Re: advice on loading and searching large map in memory

From:

Lew <noone@lewscanon.com>

Newsgroups:

comp.lang.java.programmer

Date:

Sun, 20 Feb 2011 12:06:06 -0500

Message-ID:

<ijrhlm$dci$1@news.albasani.net>

On 02/20/2011 11:34 AM, Arved Sandstrom wrote:

On 11-02-19 09:43 PM, eunever32@yahoo.co.uk wrote:

Hi

We have a requirement to query across two disparate systems. Both
systems are read-only so no need for updates and once loaded and no
need to check for updates. I would plan to reload the data afresh each
day. Records on both systems map one-one and each has 7million
records.

The first system is legacy and I am reluctant to redevelop (C code).
The second is standard Java/tomcat/SQL

The non-relational query can return up to 1000 records.
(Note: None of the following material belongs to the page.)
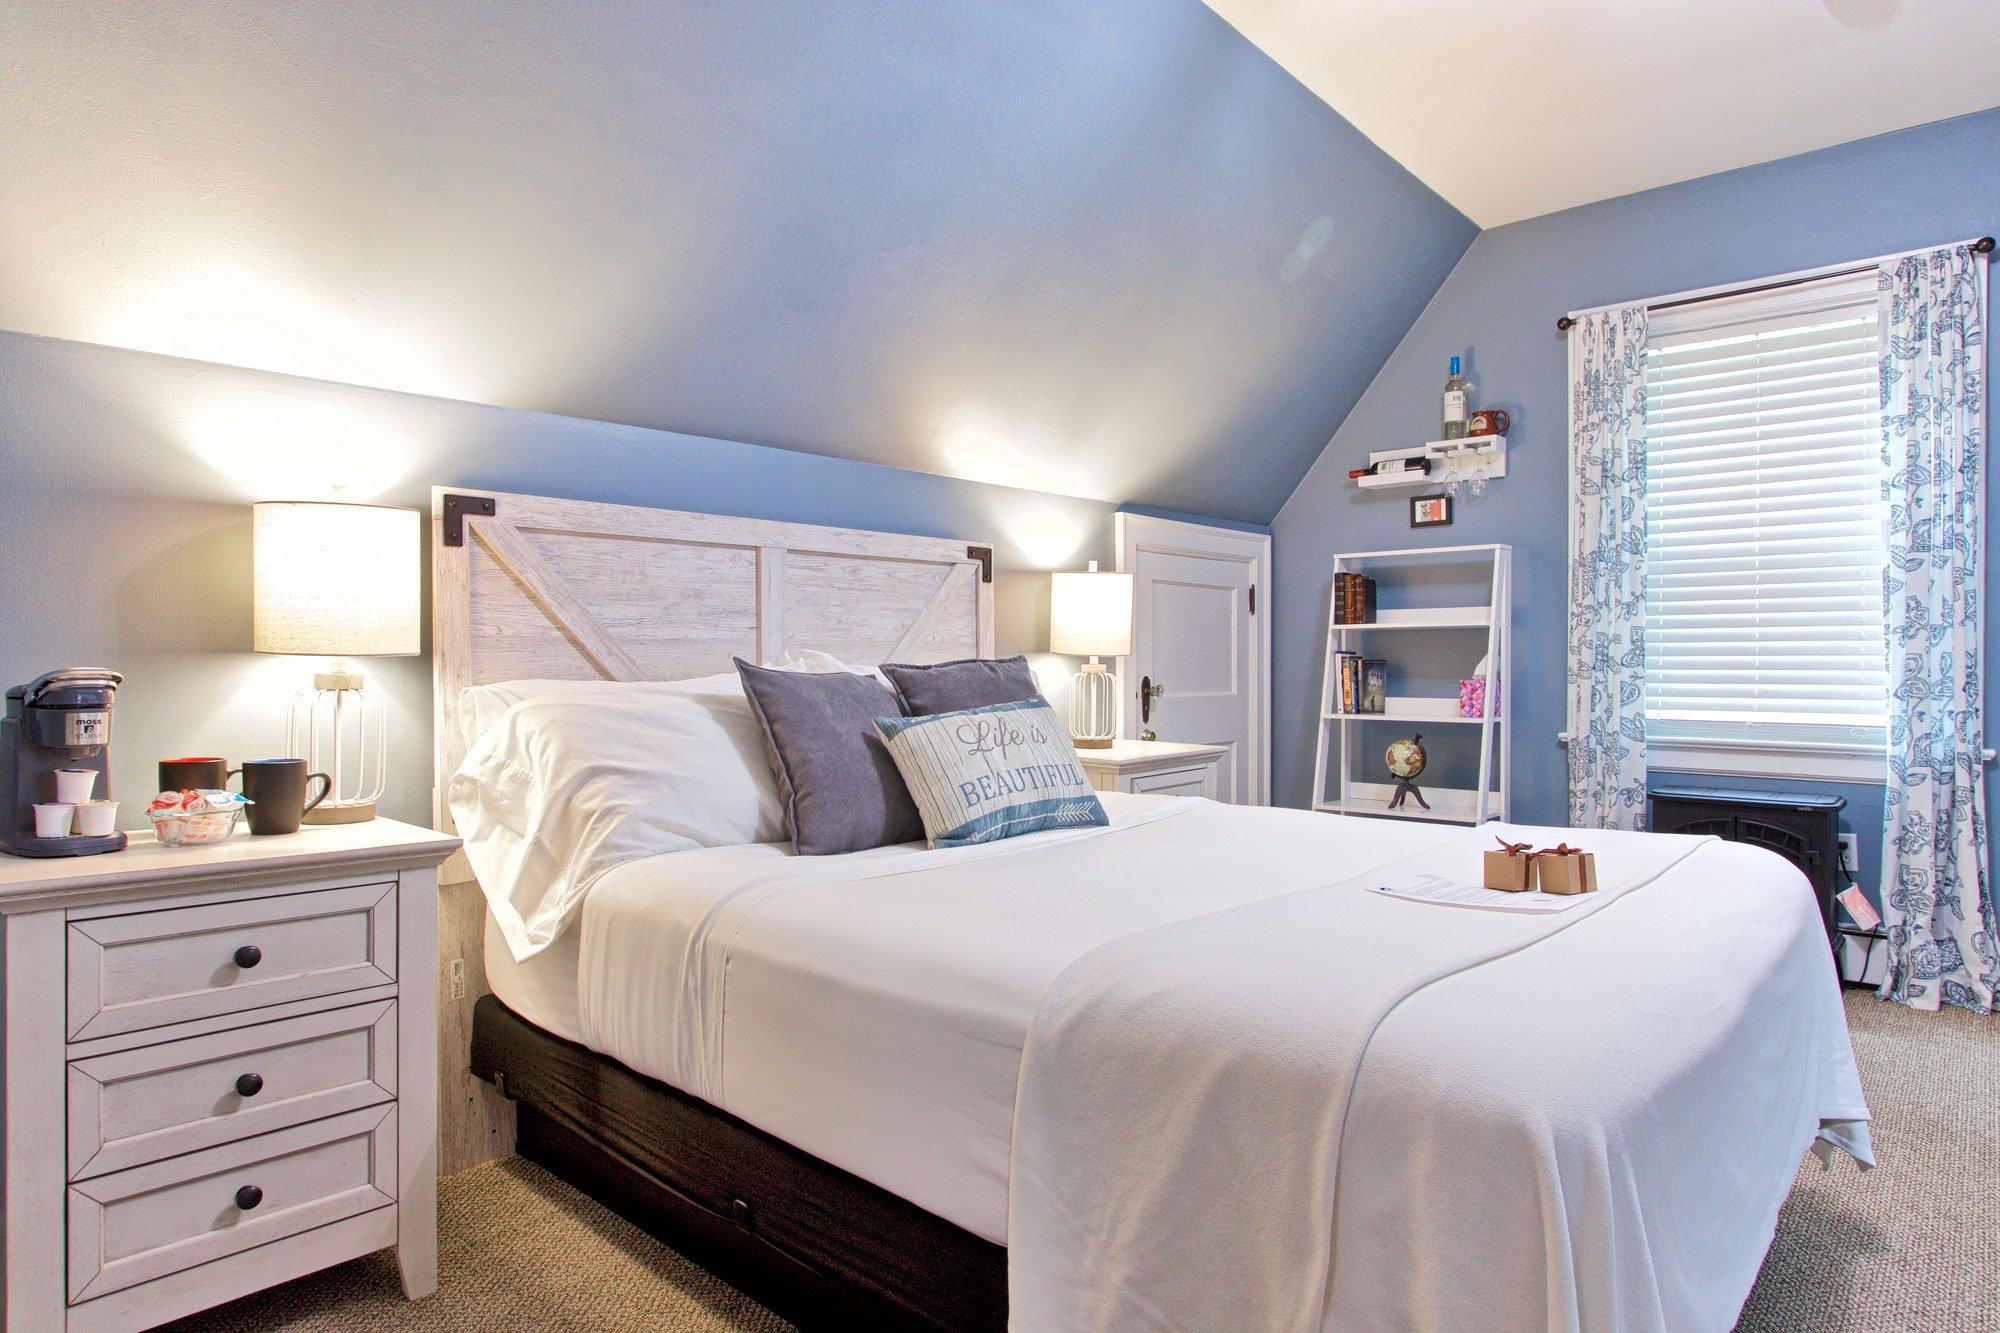 bed next to small door, window in background

This could therefore result in 1000 queries to the relational system
(just one table) before returning to the user.

To avoid 1000 relational queries I was planning to "cache" the entire
relational table in memory. I was planning to have a web service which
would load the entire relational table into memory. The web service,
running in a separate tomcat could then be queried 1000 times or maybe
get a single request with 1000 values and return all results in one
go. Having a separate tomcat process would help to isolate any memory
issues eg JVM heap size.

[ SNIP ]

Just to be clear on this, there are N records in each system, one legacy
(non-relational) and one a RDBMS, and N ~ 7 million. There is also some kind
of key for a 1:1 mapping between records in the two systems, but the data in
each record is different. Correct?

Let me ask a few questions:

1. You've obviously got known criteria for each legacy query (that as you say
might return up to 1000 records, let's call this number P). I take it that's
it been asked, and ruled out, that there are any criteria at this point that
would also identify the correct P matching records in the RDBMS table. So you
need to get the "keys" first. Correct?

2. Have you considered an IN operator in a WHERE condition? We're looking to

EXISTS is another alternative.

avoid P separate queries to the RDBMS here, because that's a serious
performance hit, and make it one SELECT instead. If there are practical

Again, no one has measured performance so we don't even know if it's a
performance hit at all, much less a "serious" one.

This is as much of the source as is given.